Engl., Gatter-Anordnung. Digitale SemiKunden-IS (IS, digitale), deren innerer Schaltungsaufbau aus einer regelmäßigen Anordnung von Logikgattern besteht. Es werden zunächst Chips im Scheibenverband (Wafer) hergestellt, die alle dieselbe Anordnung von gleichen oder verschiedenen Logikgattern (z. B. AND-Gatter, OR-Gatter, Flipflop) haben.
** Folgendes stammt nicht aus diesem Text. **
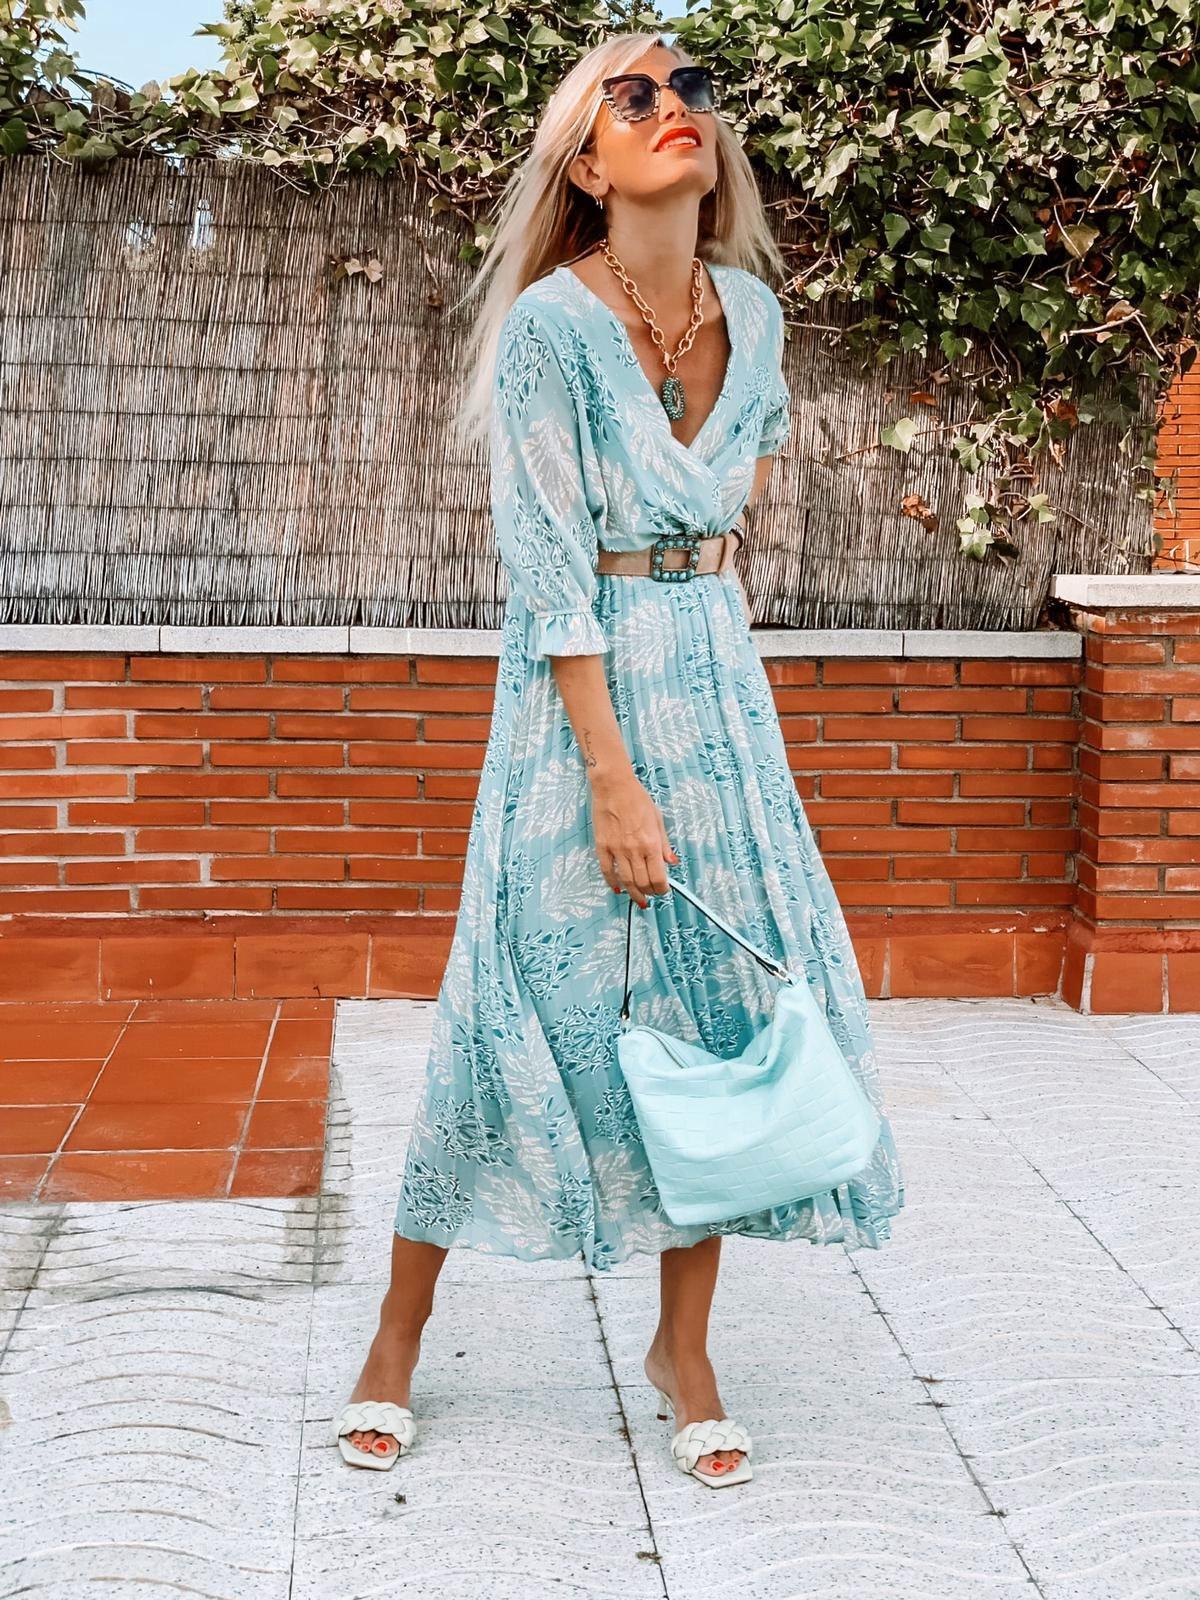 Vestido Plisado June (Ref.3306)

Man produziert diese Chips in großen Stückzahlen und somit kostengünstig. Bei den so vorgefertigten Chips werden die einzelnen Logikgatter (z. Z. bis zu 20000 Gatter je Chip) vom Hersteller in den letzten Schritten des Zyklus I nach den Wünschen des Anwenders miteinander verbunden. Zur Entlastung des Herstellers von Entwurfsarbeiten und somit zur Verkürzung des Entwicklungsprozesses wird zunehmend vom Anwender gefordert, daß er das Rechnerprogramm zur Herstellung der Verdrahtungsmasken (Maske) selbst herstellt und dem Hersteller liefert. Das setzt eine enge Zusammenarbeit zwischen Hersteller und Anwender voraus. Mit Hilfe der G. technik können kundenspezifische IS (IS, kundenspezifische) schon bei Stückzahlen ab 1 000 ökonomisch gefertigt werden. G. werden sowohl in Bipolartechnik als auch in Unipolartechnik hergestellt.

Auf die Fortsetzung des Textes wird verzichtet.